SOURCE MATERIAL:
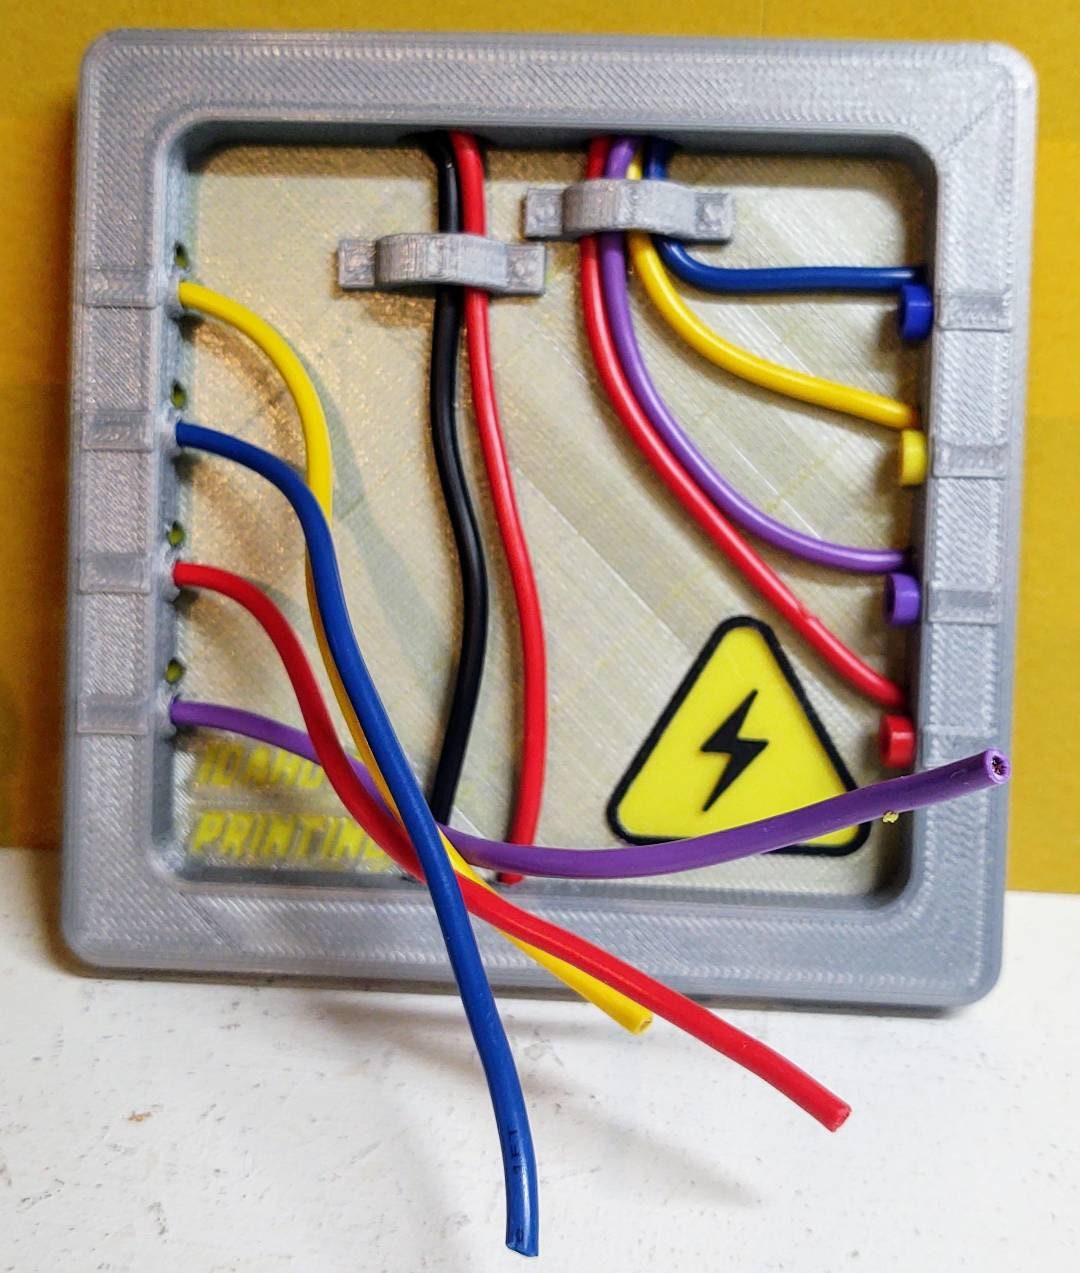 Connect Wiring Puzzle Electrical - Astronaut crewmate
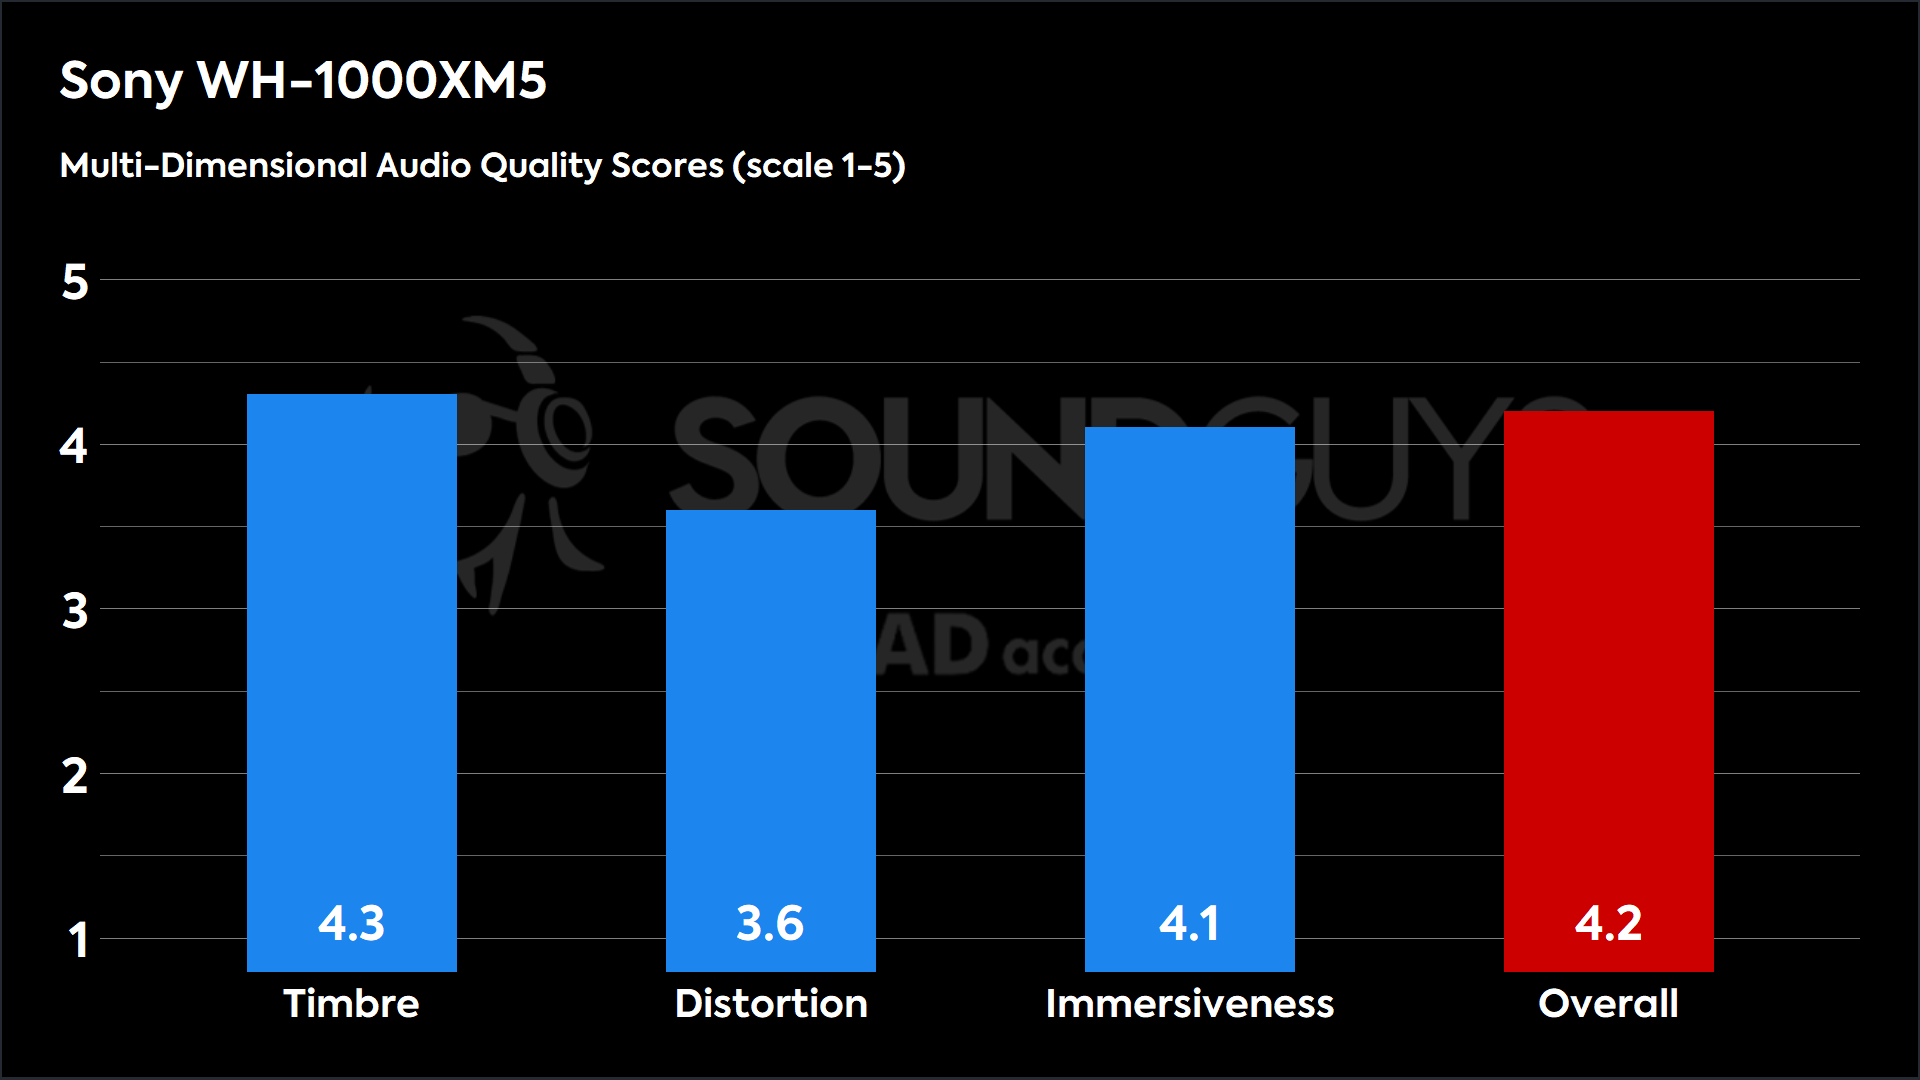 A bar chart showing how the Sony WH-1000XM5 rates in Multi-Dimensional Audio Quality Scores.
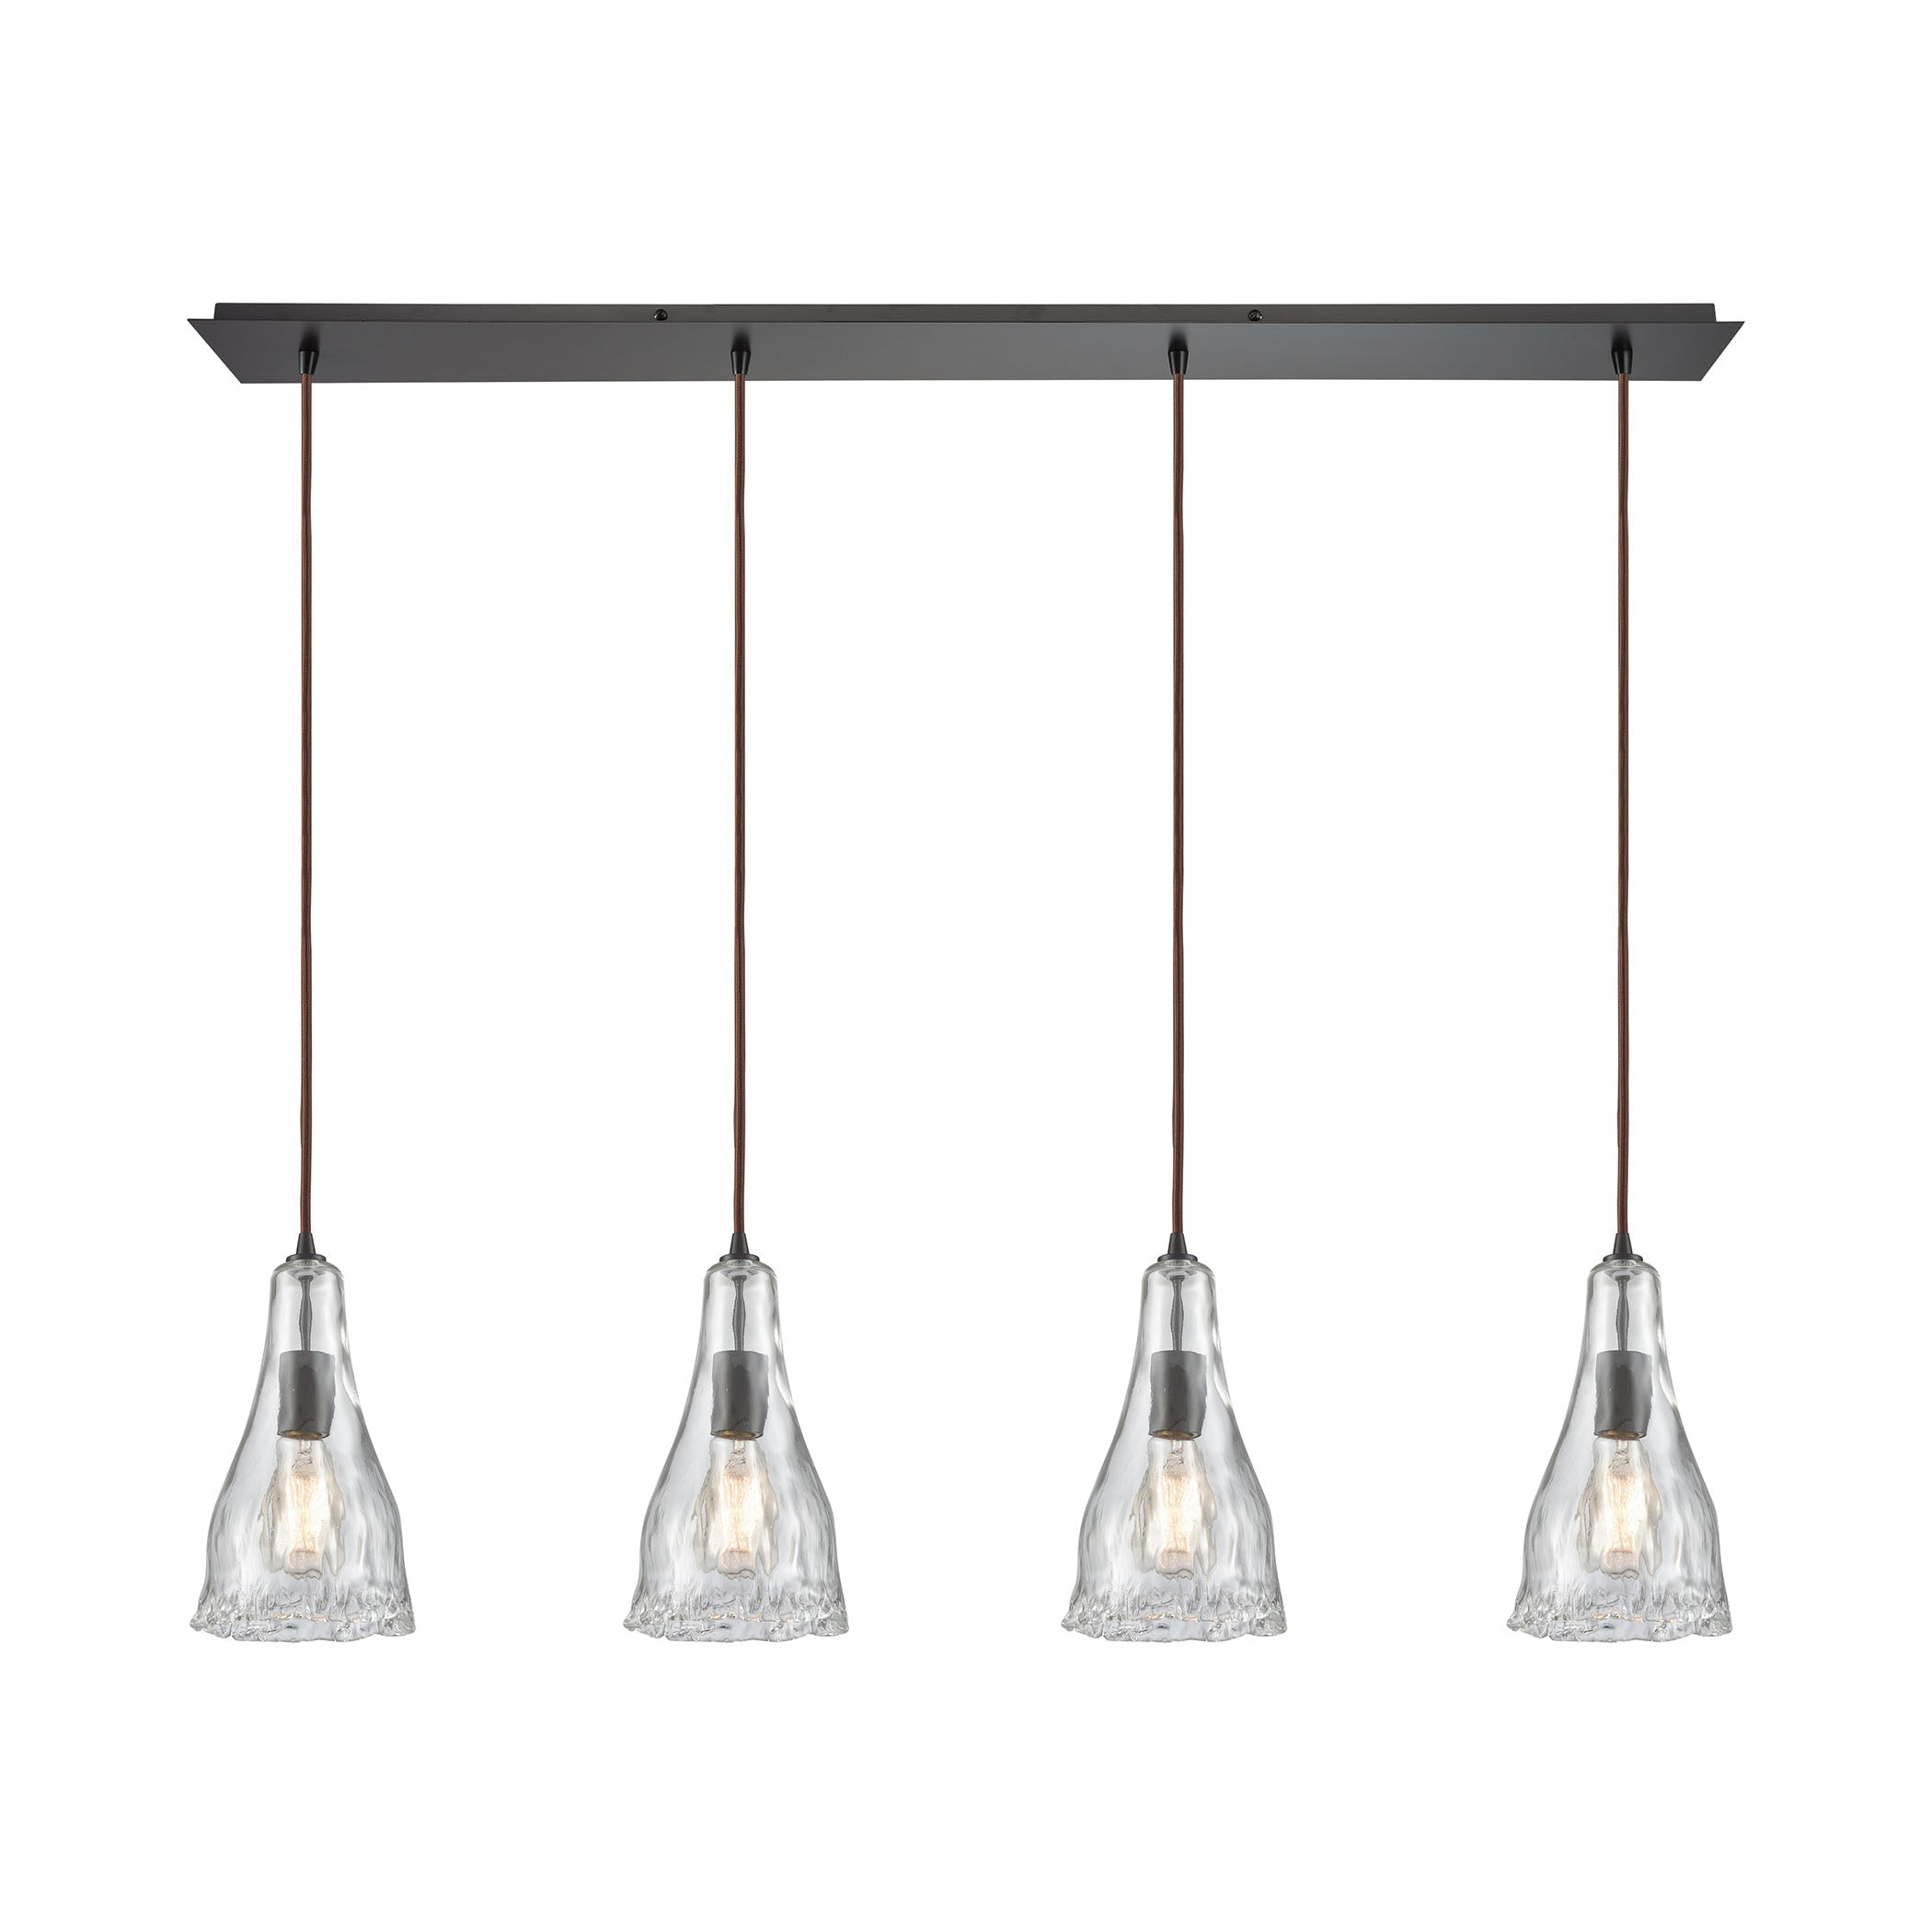 ELK Lighting 10446/4LP Hand Formed Glass 4-Light Linear Pendant Fixture in Oiled Bronze with Clear Hand-formed Glass
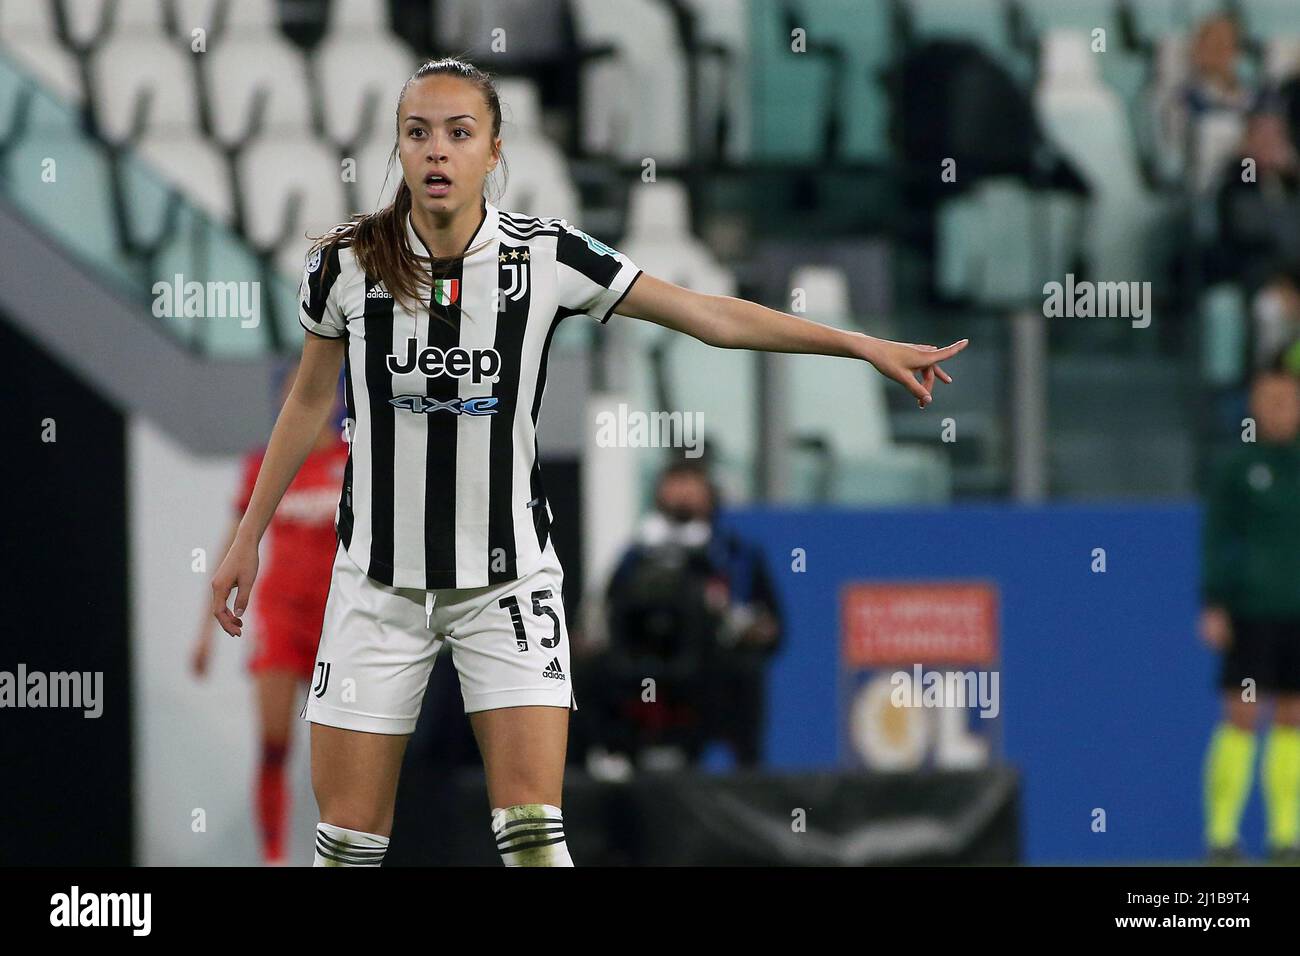 julia-grosso-juventus-women-during-the-uefa-champions-league-women-football-match-juventus-women-vs-olympique-lyonnais-on-march-23-2022-at-the-allianz-stadium-in-turin-italy-photo-by-claudio-benedettolivemediasipa-usa-2J1B9T4.jpg

WHAT IS NEEDED:
Please copy the data above exactly, omitting the pictures.

TASK SOLUTION:
 Connect Wiring Puzzle Electrical - Astronaut crewmate
 A bar chart showing how the Sony WH-1000XM5 rates in Multi-Dimensional Audio Quality Scores.
 ELK Lighting 10446/4LP Hand Formed Glass 4-Light Linear Pendant Fixture in Oiled Bronze with Clear Hand-formed Glass
 julia-grosso-juventus-women-during-the-uefa-champions-league-women-football-match-juventus-women-vs-olympique-lyonnais-on-march-23-2022-at-the-allianz-stadium-in-turin-italy-photo-by-claudio-benedettolivemediasipa-usa-2J1B9T4.jpg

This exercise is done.